Едва лишь гостья переступила порог, как на нее с веселым лаем набросился Гектор. Огромный пес едва не сшиб ее с ног.
— Сидеть! — строго приказала ему Кристина. И почему англичане так любят держать дома собак? У Лии жила гончая, свекор Кристины держал овчарку, а в доме Эллен, подруги отца Кейт, обитали три дворняги, которых хозяйка выводила на длинных поводках. Когда-то она подобрала их на улице после бомбежки, бедняги потеряли прежних хозяев, изголодались и нуждались в уходе и ласке.
— Я пеку для детей марципаны с корицей к чаю, — с улыбкой сообщила Кейт гостье. — Хетти дала мне сахарной глазури, оставшейся от пирога, который она испекла для праздника. Мне пришлось разбивать комья скалкой.
Кристина улыбнулась ей в ответ загадочной улыбкой Джоконды. Ее странная манера улыбаться вызывала у окружающих если не раздражение, то удивление.
— Почему Кристина никогда не улыбается, как все нормальные люди? — поинтересовалась однажды Хетти у Джека Робсона. — Почему она прячет зубы?
— Так ведь она не такая, как все смертные, — раздраженно ответил Джек. — Она мнит себя красавицей, а они не скалят зубы, а складывают губки бантиком, словно кошечки.
Кристина стукнула кулачком по столу и выпалила:
— Кейт! Нам нужно серьезно поговорить.
Кейт полила глазурью последний марципан, бросила нож в миску с мыльным раствором и, обернувшись, настороженно взглянула на подругу. Неужели ссора с Мейвис лишила ее покоя? Неужели она хочет выпытать что-то о прежних отношениях Мейвис и Джека?
— Что случилось? — спросила Кейт, надеясь, что женское чутье ее обмануло.
Кристина выждала, пока она сядет, и с жаром выпалила:
— Речь пойдет о моей семье. Я не могу отделаться от мысли, что мама и бабушка живы, что им чудом удалось спастись.
От неожиданности у Кейт глаза поползли на лоб. Впервые за все время их знакомства Кристина коснулась этой темы. Что же подвигло ее на это?
— У тебя есть какие-то основания полагать, что они выжили в этом кошмаре? — робко спросила Кейт. — Ведь твоего брата и отца застрелили, а маму и бабушку арестовали. Это так?
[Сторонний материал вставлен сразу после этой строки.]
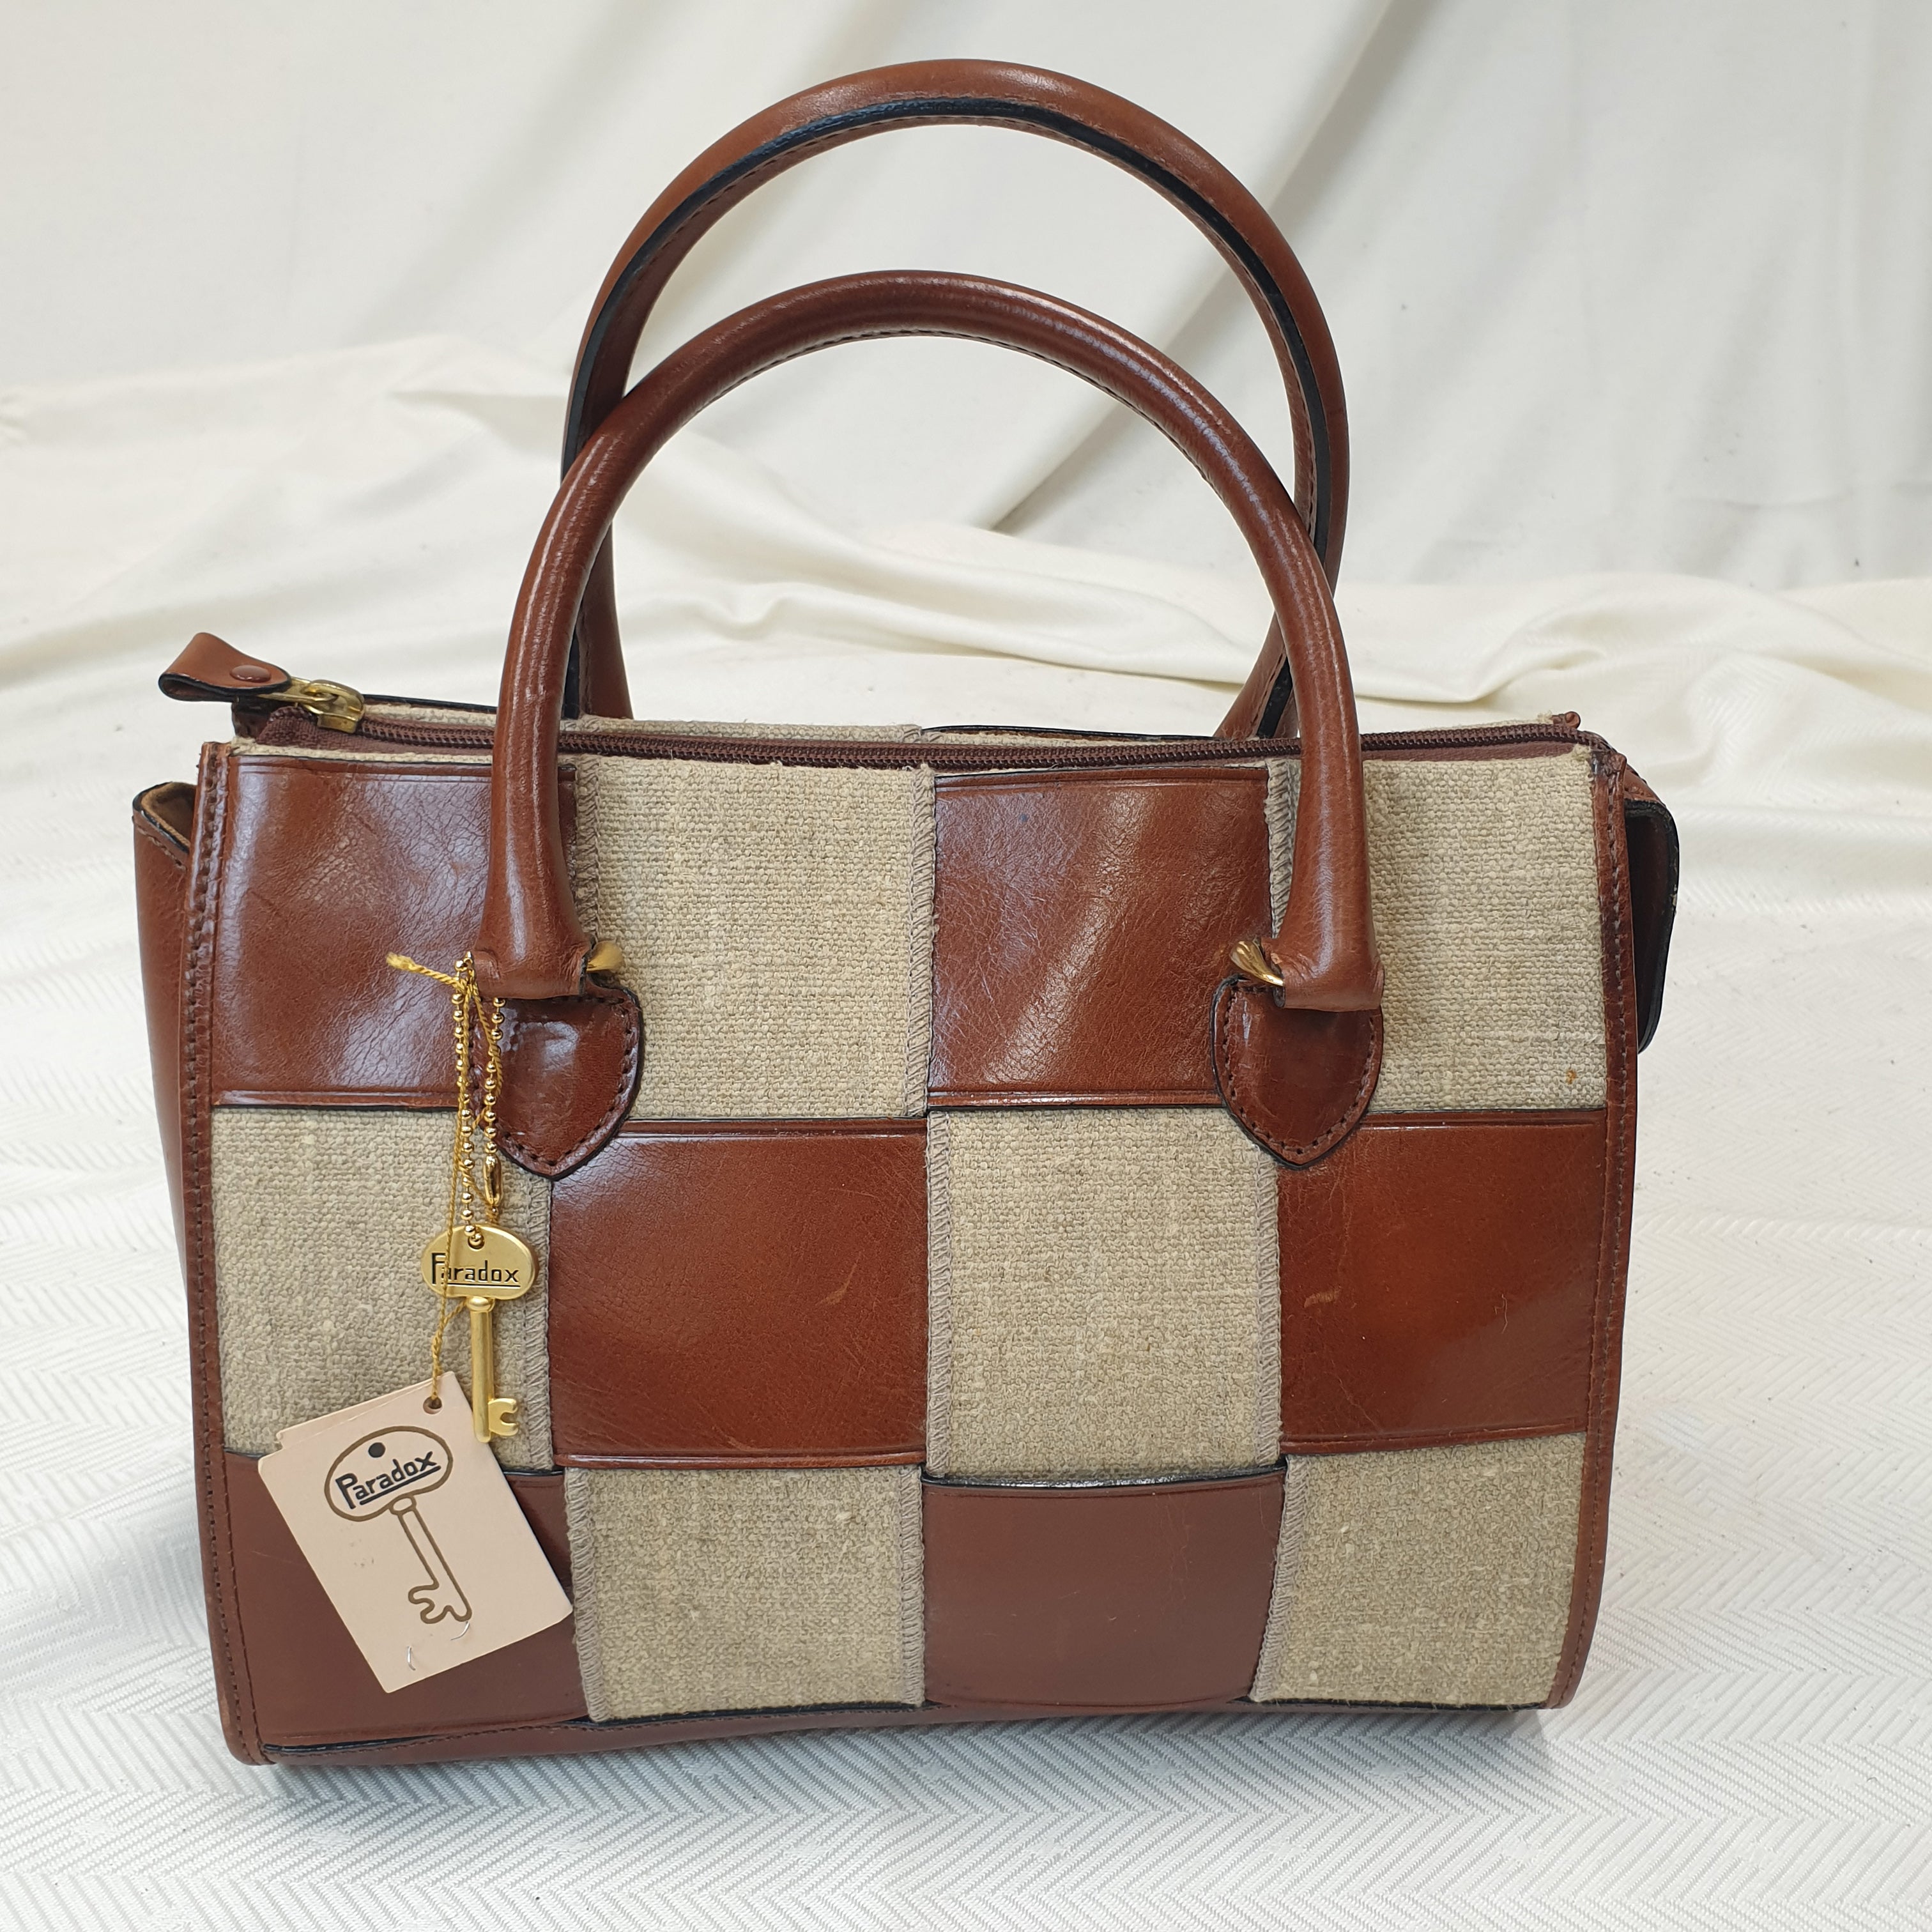 Linnen & Leather Patchwork Handbag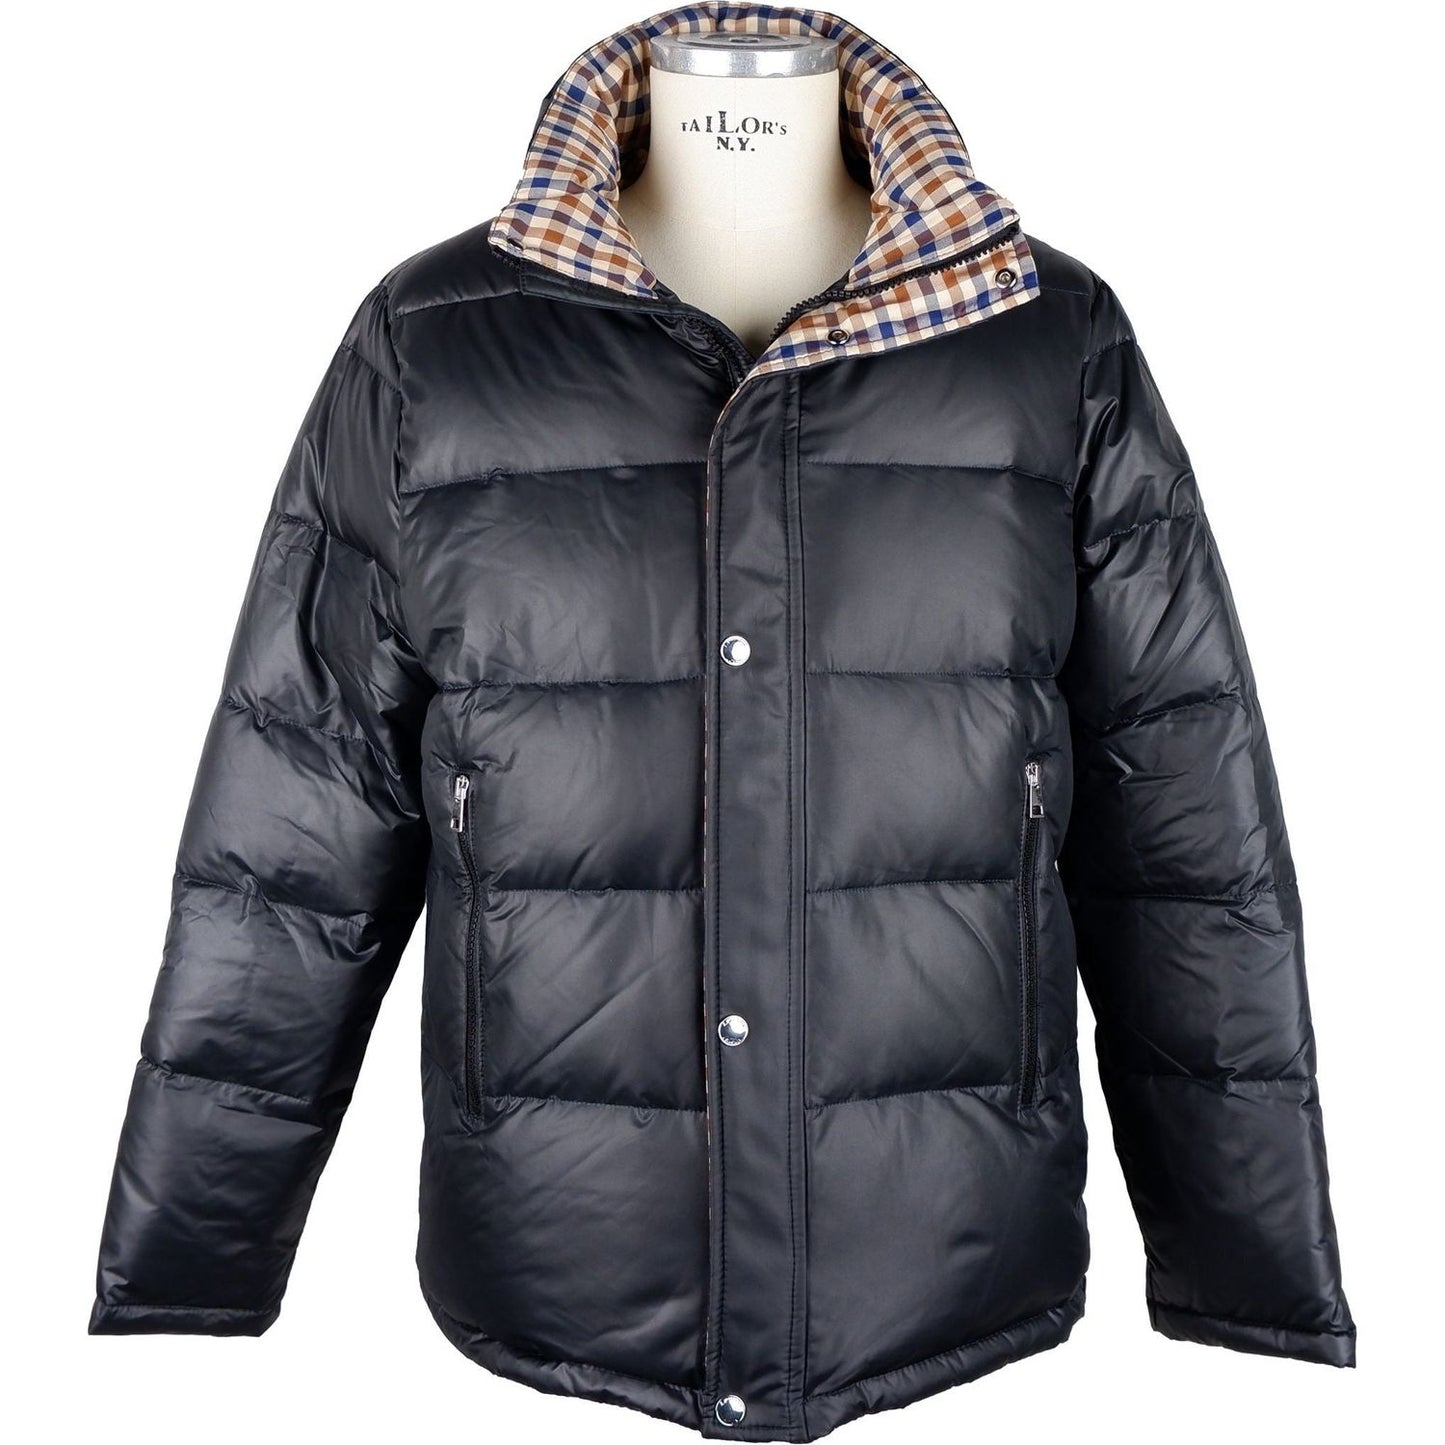 Aquascutum Elegant Black Padded Jacket with Removable Hood MAN COATS & JACKETS black-polyester-jacket-3 product-7381-762139221-scaled-5224a3d8-3c7.jpg

Кристина побелела как мел, под глазами обозначились синие круги. Скрытная по натуре, она даже теперь, спустя девять лет после той трагедии, не могла заставить себя говорить о гибели близких ей людей. Не отвечая на вопрос Кейт, она сдавленно произнесла:
— Возможно, что мама и бабушка живы. Мне не известно, в какой именно концентрационный лагерь их поместили и поместили ли вообще. Наверняка я знаю только то, что нацисты считали нашу семью враждебной государству и хотели стереть ее с лица земли.
Кейт задумалась: неужели у этой истории есть тайная подоплека? Она была уверена, что родственники Кристины подверглись гонениям исключительно потому, что они евреи. А вдруг кто-то из них участвовал в заговоре против Гитлера и боролся с фашистской заразой, еще когда британское правительство отказывалось верить в агрессивные намерения фюрера?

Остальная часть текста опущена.